In joint physical custody, for the child there may be residential, neighborhood, school, and friendship network instability with transfers from one home to the other. This instability may or may not be compensated for by the gain of meaningful, everyday relationships with both the mother and the father and the avoidance of a sense of abandonment and loss of either parent. For the mother, there is the loss of an exclusive relationship with and total control over her child, which may or may not be compensated by a loss of maternal role burnout, the gain of likely enhanced mental health of her child, and a greater opportunity to move on with her own life as an adult woman. For the father, there is an opportunity to maintain a meaningful and nurturant relationship with his child and enhance his own emotional balance.

What Can Research Tell Us About Custody Determination?

There is an inherent and confounding fatal flaw to all custody-outcomes research—self-selection. Neither parents nor children ethically can be randomly assigned to different custody arrangements to do a true experiment. Thus, it is not possible to ascertain  the  independent  contributions  of  the  “before” individual differences of mothers, fathers, and children that led them to choose joint custody and the “after” consequences or outcomes of having experienced joint custody.

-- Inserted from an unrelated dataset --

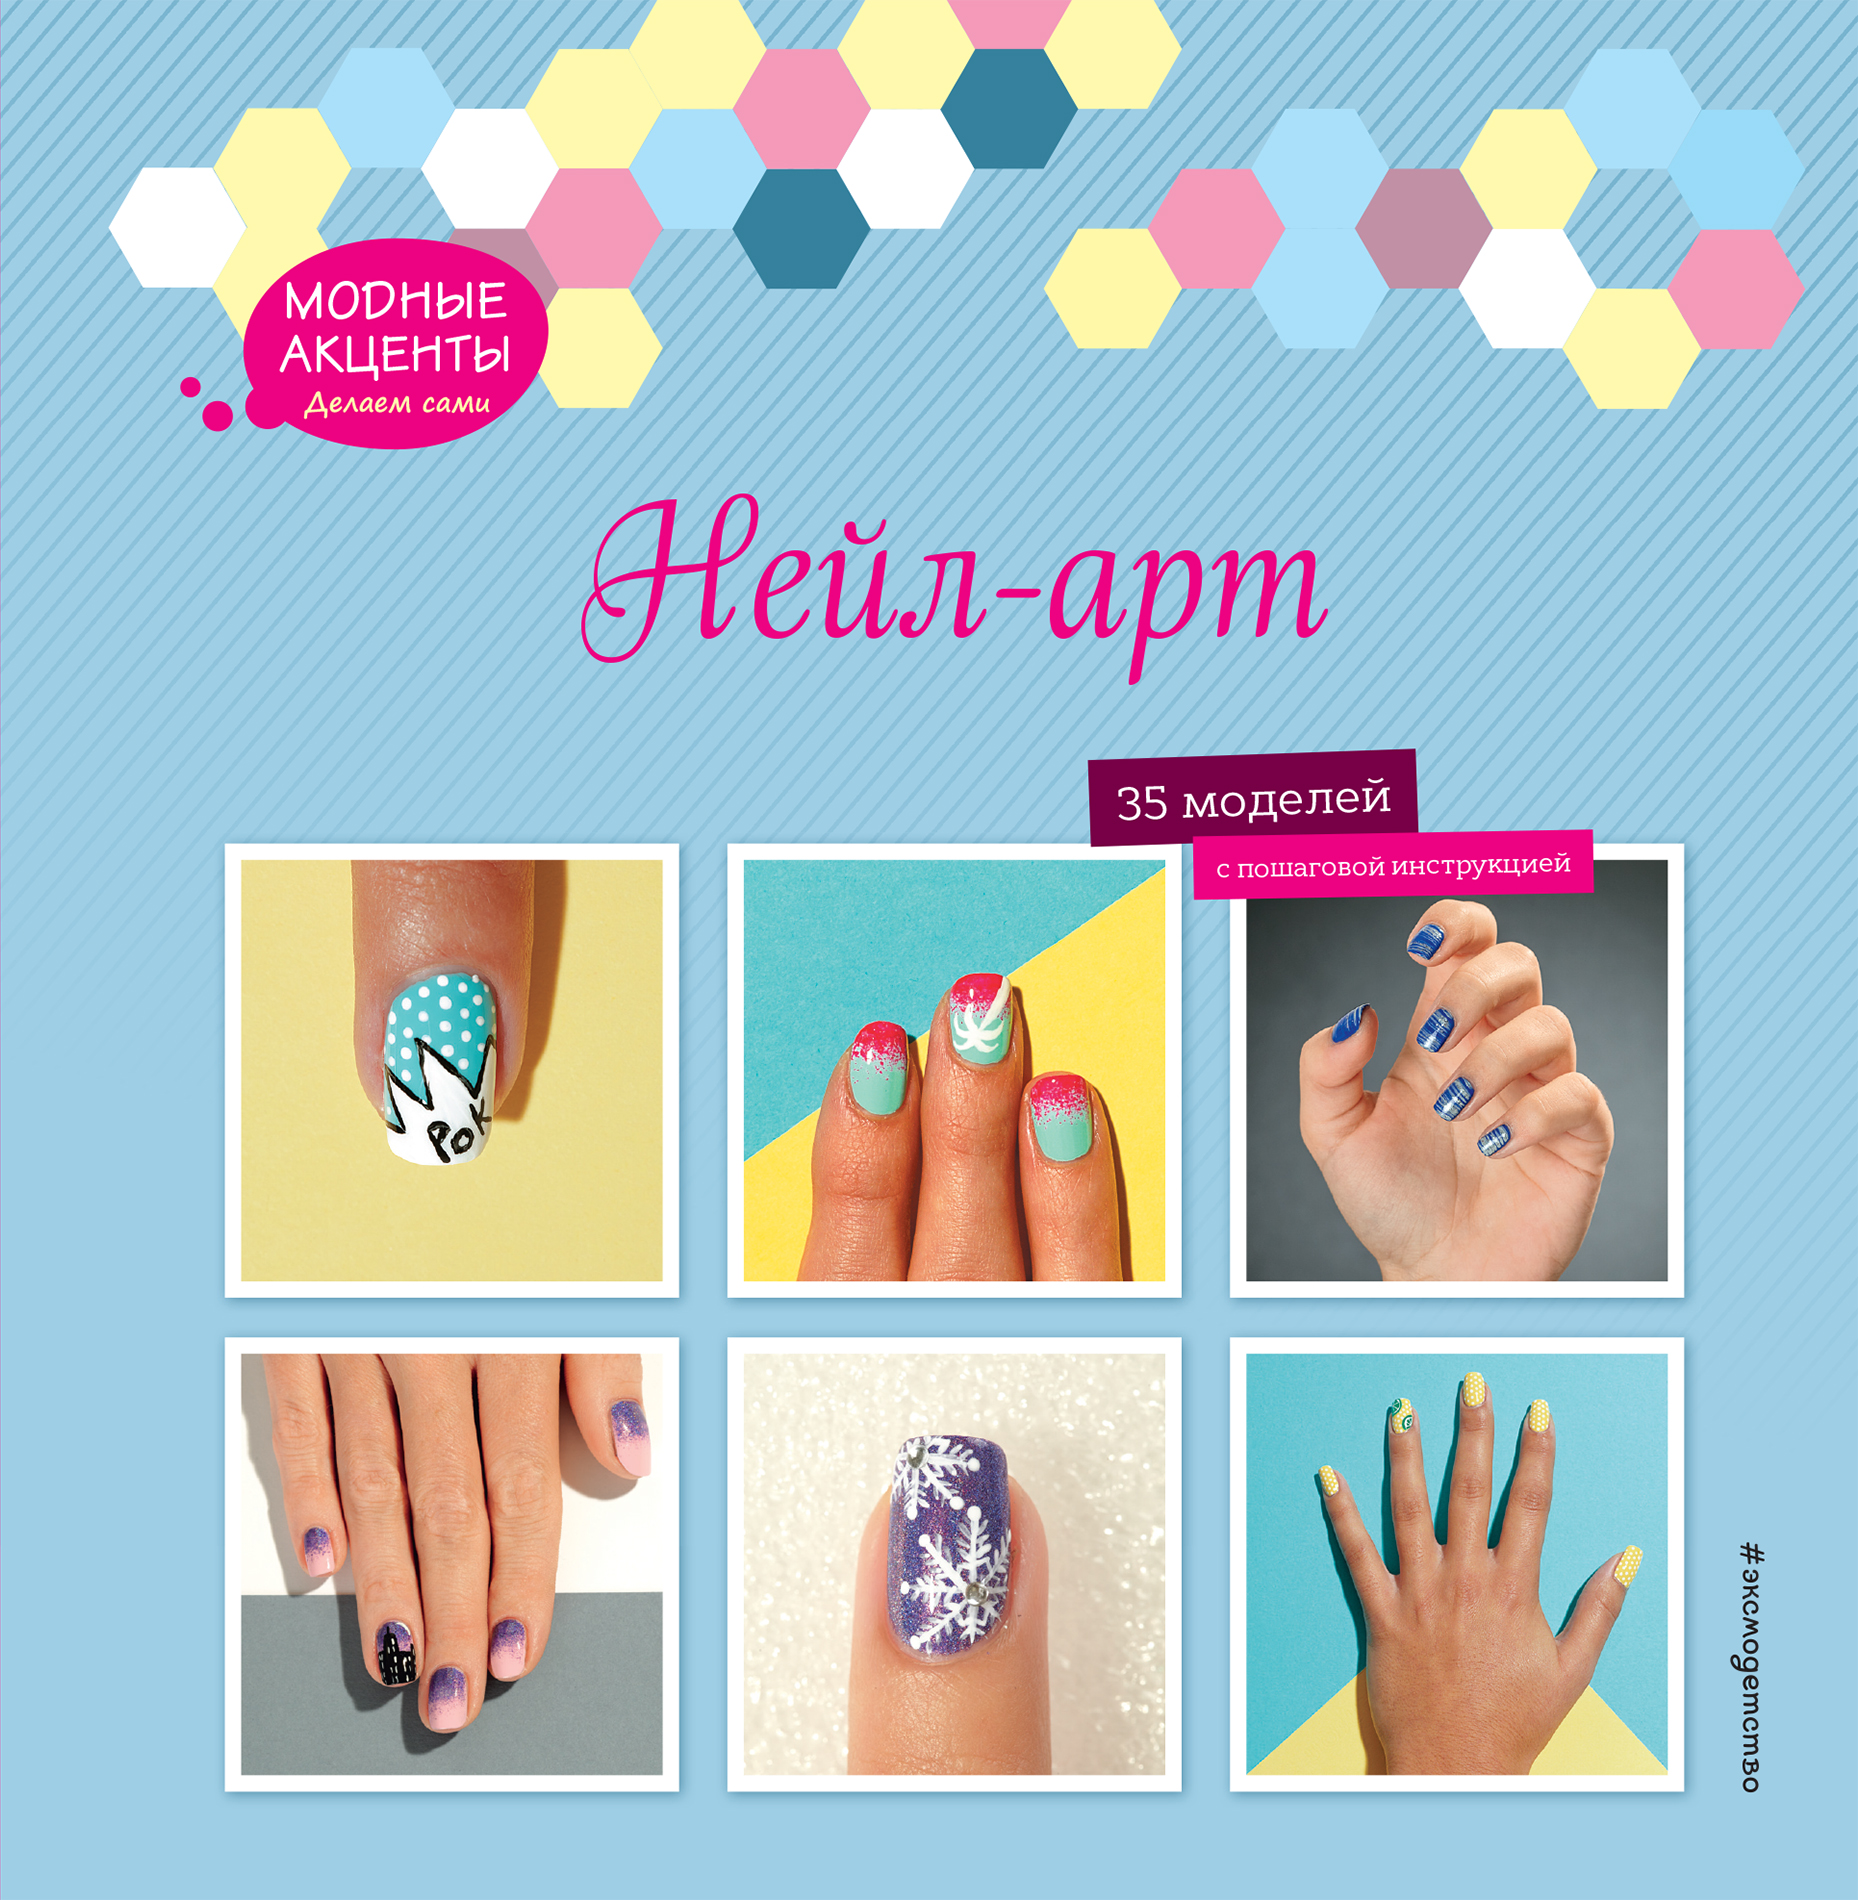 Нейл-арт книга моделирование ногтей зеленова г с

Within this limitation, however, there are two lines of research that suggest Iowa may be on the right track. First, studies undertaken in Arizona and Florida report that young adult children of divorce wanted more time with their fathers (more custody time) and more emotional quality time (companionship, sharing activities, leisure, fun, play) than young adult children from intact families. Second, literature reviews uniformly conclude that gender similarities are far greater than gender differences in a parenting capacity. Mothers and fathers, in short, make equally competent parents. What makes these findings striking is the fact that this empirical research has rendered wrong and overruled decades of false legal presumptions.

Summary

Today, both joint custody and child support are highly controversial social and legal issues. Both are in flux, both will change, and both have clear sides. Generally speaking, children and fathers of divorce perceive their best interests to be best served by joint legal and physical custody. Some mothers also see it this way, but other mothers see their interests as best served by sole legal and physical custody. Custody battles are not likely to disappear, but their costs to all parties involved appear to be best mitigated with the equal opportunity principles embedded in joint legal and joint physical custody presumptions.

 

References:

  1. Bauserman, R. (2002). Child adjustment in joint-custody versus sole-custody arrangements: A meta-analytic review. Journal of Family Psychology, 16(1), 91–102.
  2. Braver, S. L., & O’Connell, D. (1998). Divorced dads: Shattering the myths. New York: Tarcher/Putnam.
  3. Fabricius, W. V., & Hall, A. (2000). Young adults’ perspectives on divorce living arrangements. Family and Conciliation Courts Review, 38(4), 446–461.
  4. Finley, E. (2002). The best interest of the child and the eye of the beholder [Review of C. Panter-Brick & M. T. Smith (Eds.), Abandoned children]. Contemporary Psychology, APA Review of Books, 47(5), 629–631.
  5. Joint custody from the child’s point of view, http://www.gocrc.com
  6. Joint custody  from  the  father’s  point  of  view,  http://www.deltabravnet
  7. Joint custody from the mother’s point of view, http://www.now.org
  8. Lamb, M. E. (2002). Placing children’s interests first: Developmentally appropriate parenting Virginia Journal of Social Policy and Law, 10, 98–119.
  9. Thompson, R. A. (1994). The role of the father after divorce. In The Future of Children, Vol. 4, No. 1: Children and divorce (pp. 210–235). San  Francisco:  Center  for  the  Future  of Children.